Recently, Anthony Liguori, one of the qemu maintainers has included kvm support into stock Qemu. This is tremendously important.
Why? you might ask. It has to do with how software forks are managed.
When a software project is forked, there are two ways to go about it. One can add new features, restructuring code along the way so that the new code fits in snugly. This allows you to easily make large changes, but has the side effect of diverging from the original code. Over time, it is no longer possible (or at least very difficult) to incorporate fixes and new features that evolved in the original code, since the two code bases are wildly different.
An alternative strategy is to add the new features in a way that makes as little impact as possible on the original code.
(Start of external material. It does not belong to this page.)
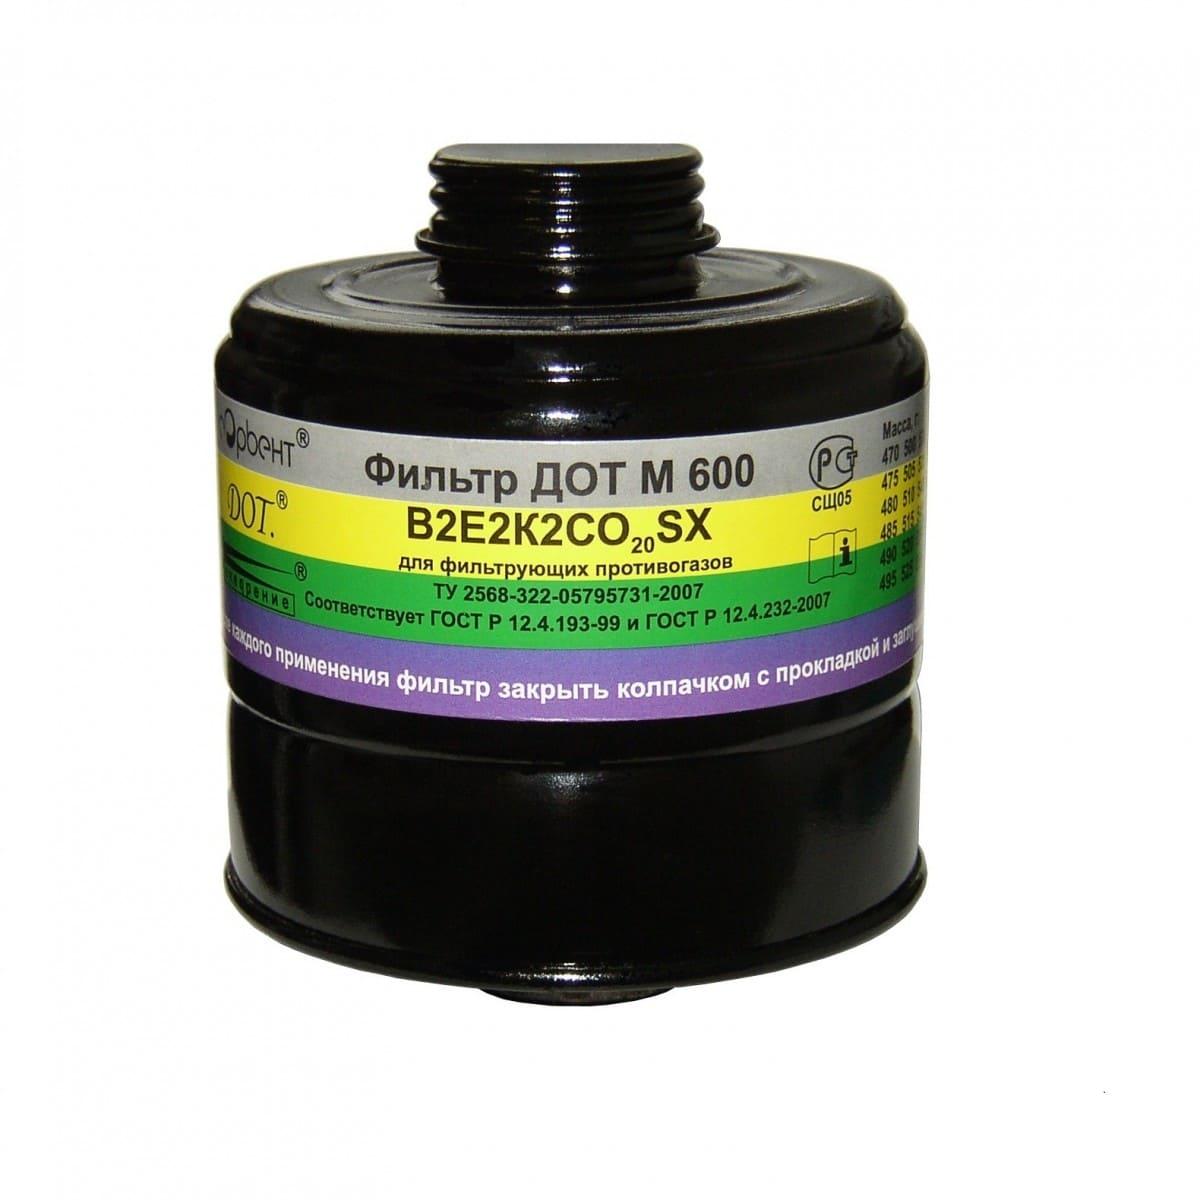 Фильтр ДОТ М 600 B2E2K2CO20SX

This allows updating from the origin to pick up fixes and new features relatively frequently. The downside is that we become severely limited in the kind of changes we can make to our copy of Qemu without diverging too much.
We have mostly followed the second strategy. Adaptations to qemu were as small as possible, and we have "encouraged" non-kvm-specific changes to be contributed directly to qemu upstream. This kept the amount and scope of local modifications at a minimum.
But now that kvm has been merged, it is possible to make larger modifications to qemu in order to make it fit virtualization roles better. Live migration and virtio have already been merged. Device and cpu hotplug are on the queue. Deeper changes, like modifying how qemu manages memory and performs DMA, are pending. And, of course, kvm integration is much cleaner and more maintainable.
There is of course some friction involved. The new implementation has a few bugs and several missing features (for example, support for true SMP and Windows patching), so it will be rough for a while. However, once the transition is complete, kvm and qemu will be able to evolve at a faster pace, to the benefit of both.